* _Problem_
Restate word for word each line from the one containing "geometric tattoo guide featured image" through the end of the material, and nothing more. Drop every picture.

* _Dataset extract_
=== Section Start ===

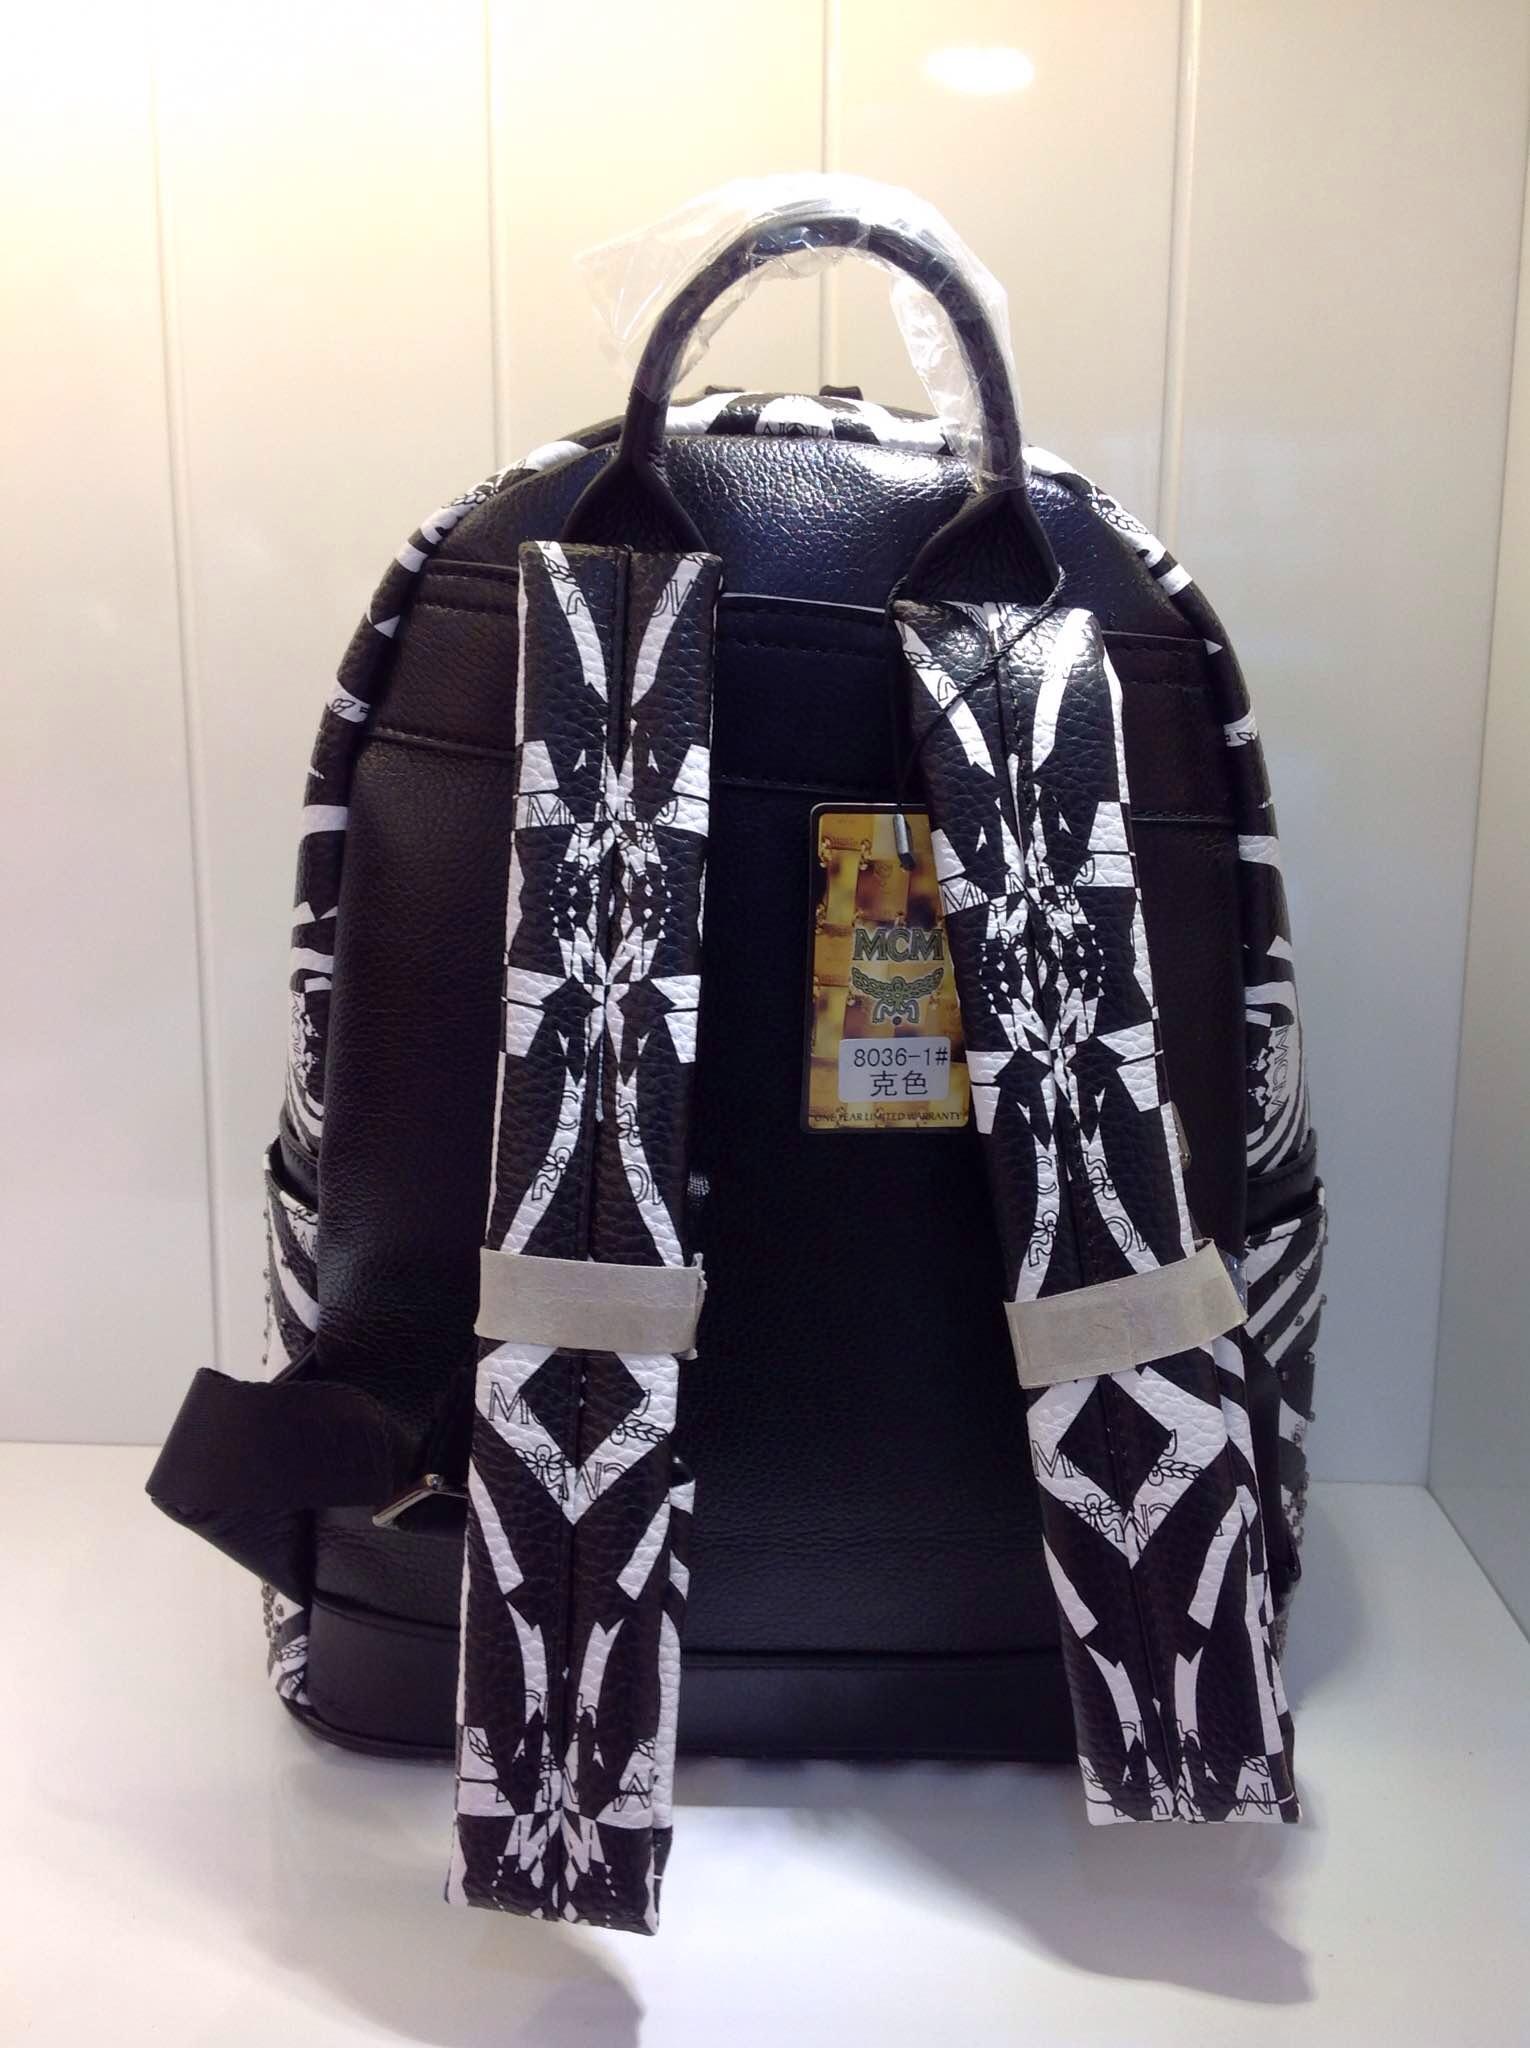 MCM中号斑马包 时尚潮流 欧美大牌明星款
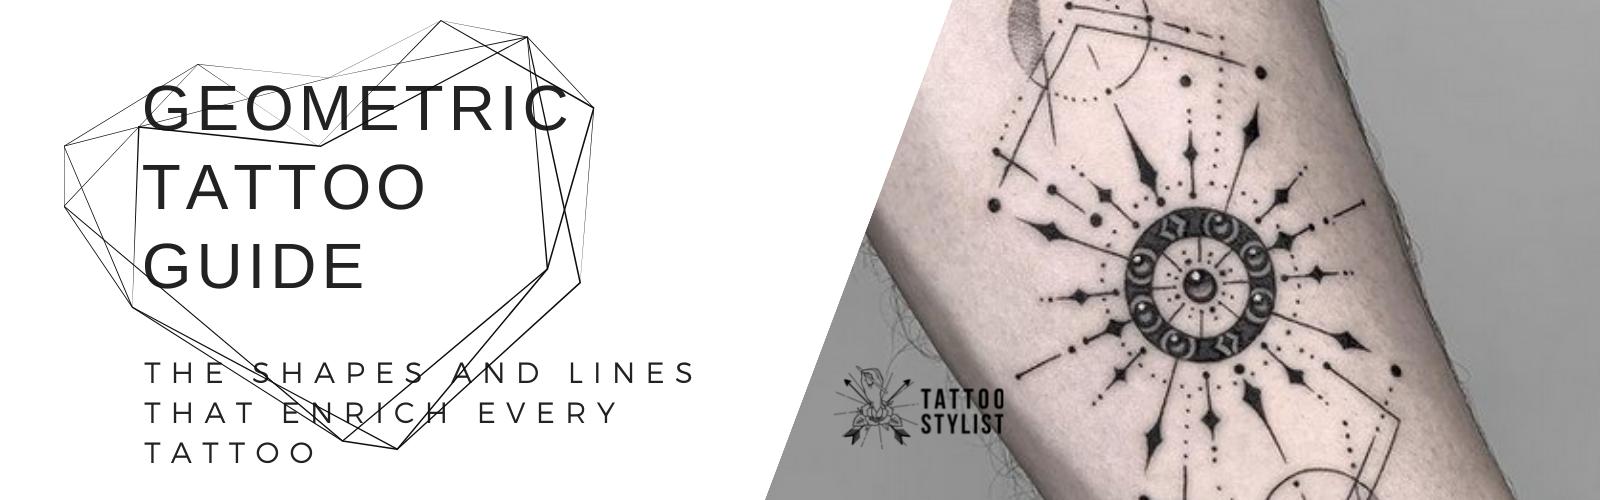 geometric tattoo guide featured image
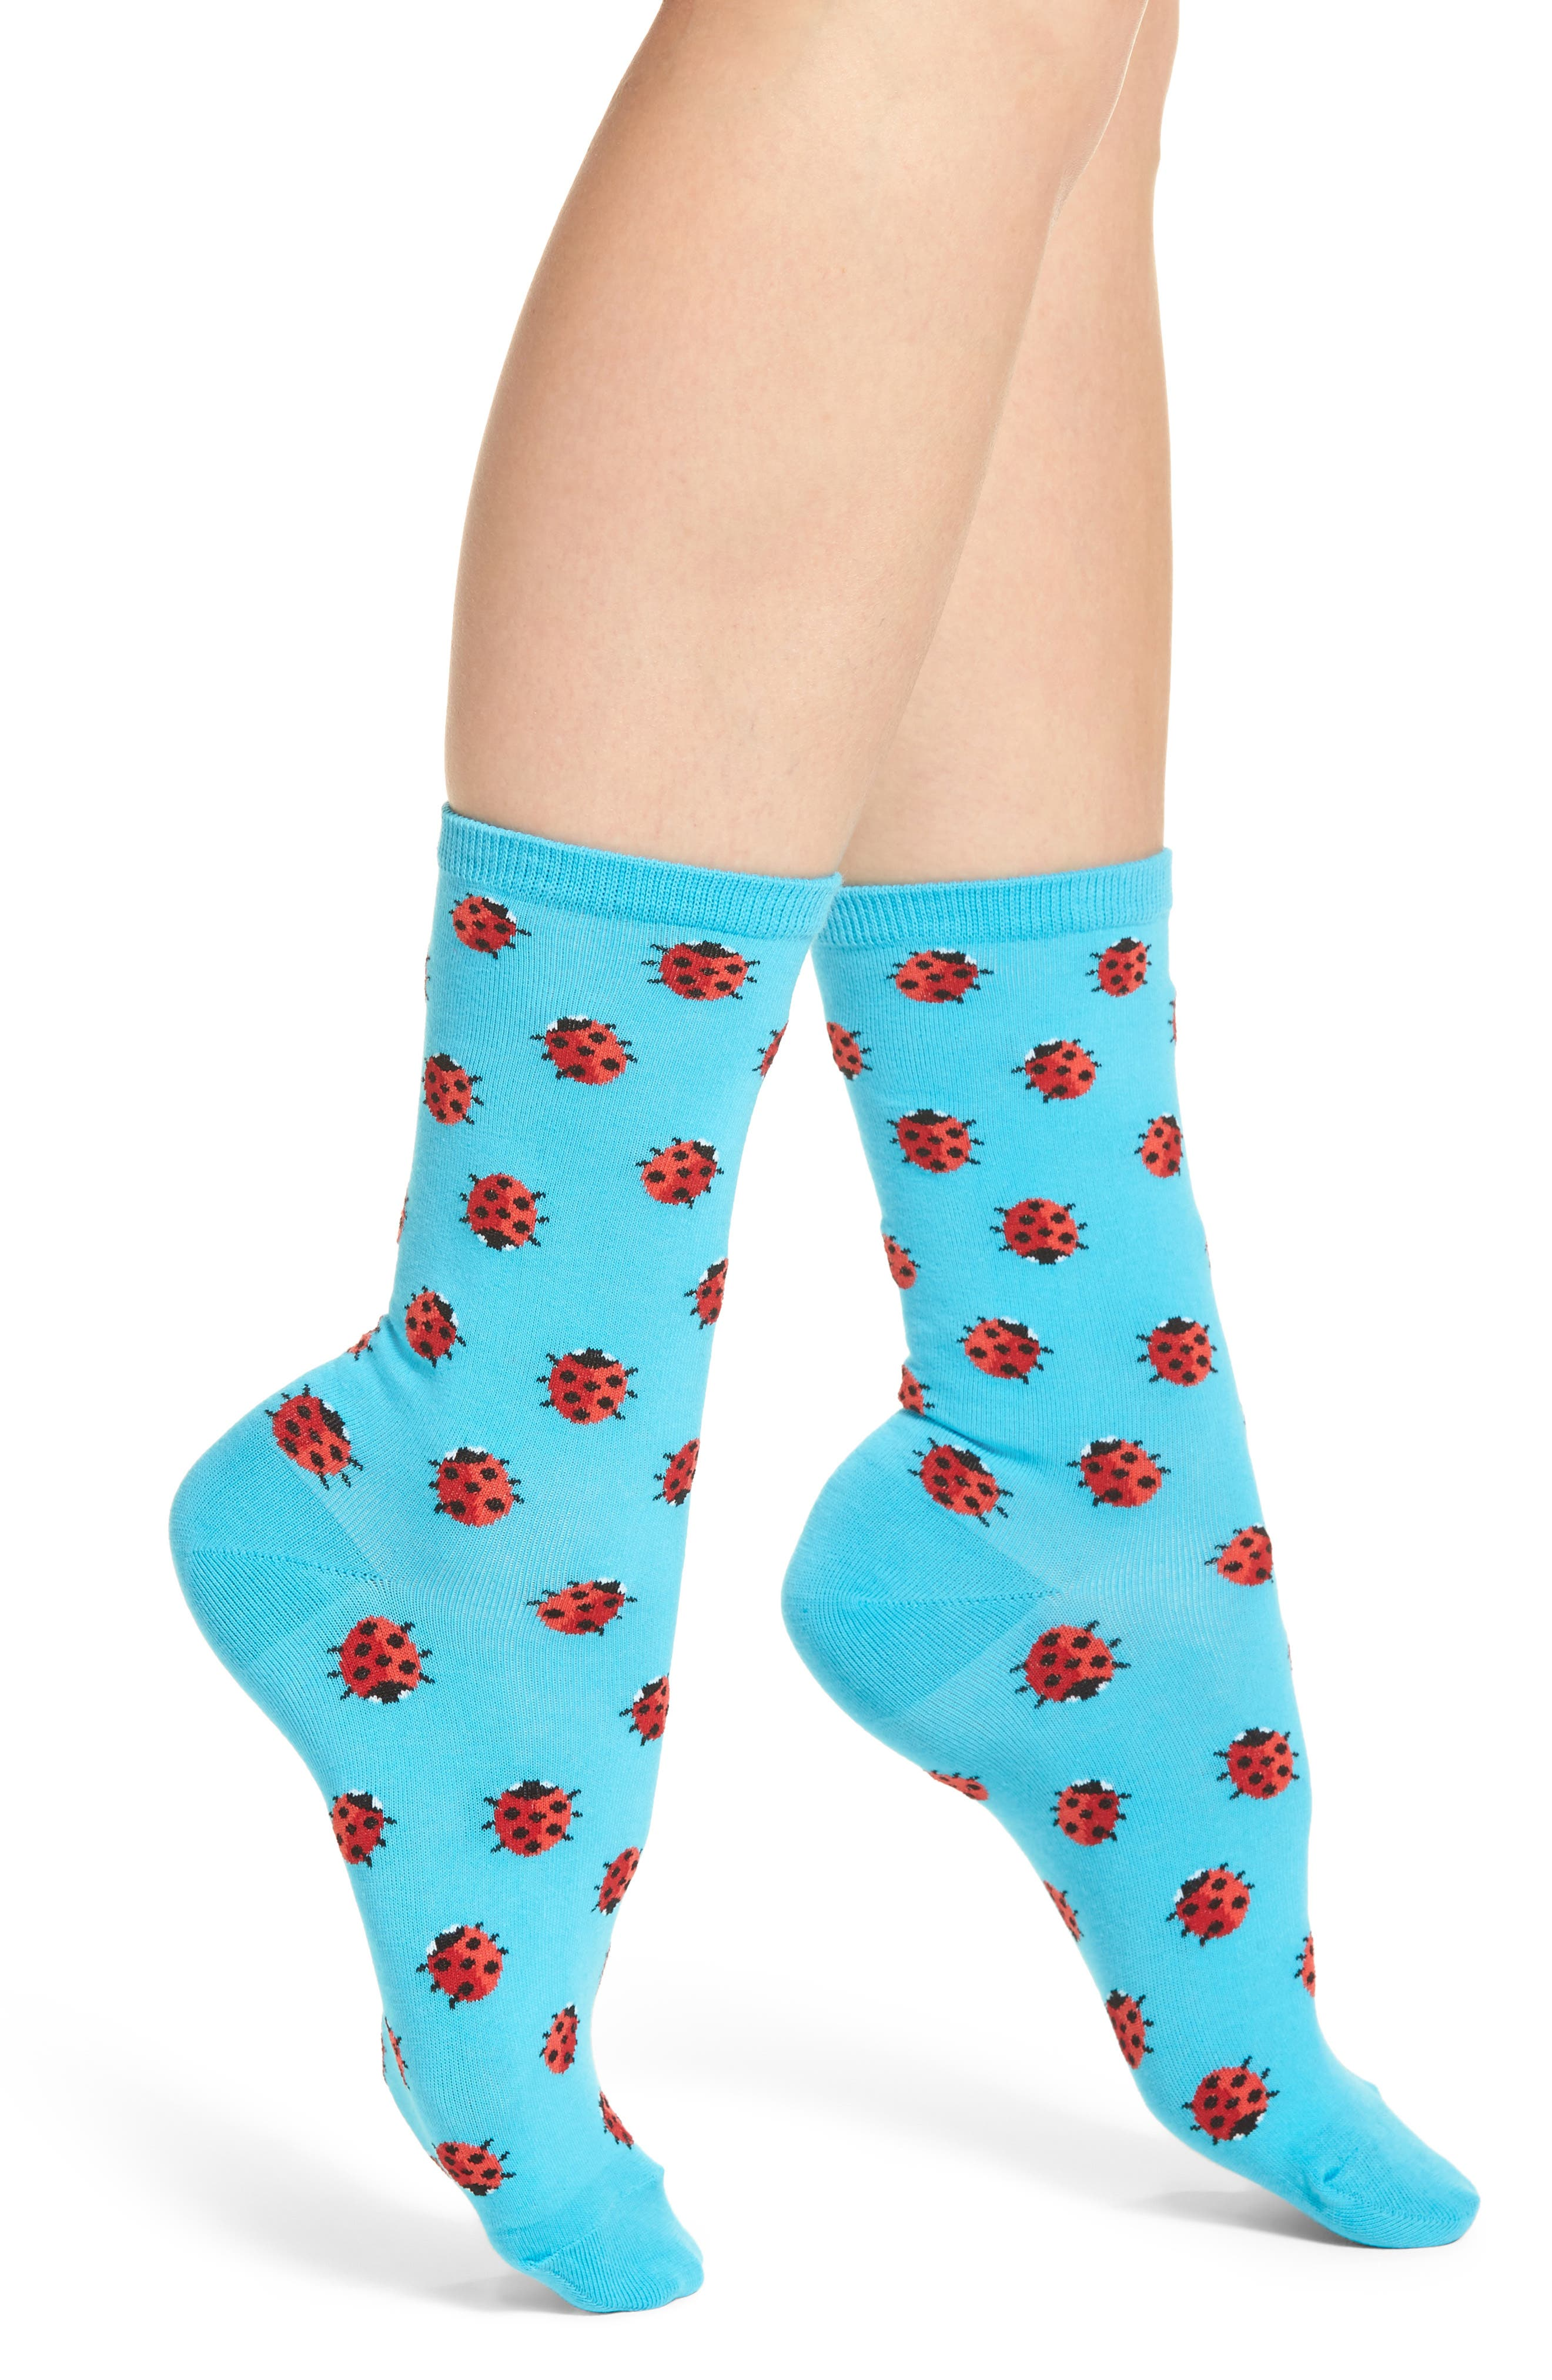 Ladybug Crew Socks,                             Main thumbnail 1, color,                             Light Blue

=== Section End ===

* _Response for this exercise_
 geometric tattoo guide featured image
 Ladybug Crew Socks,                             Main thumbnail 1, color,                             Light Blue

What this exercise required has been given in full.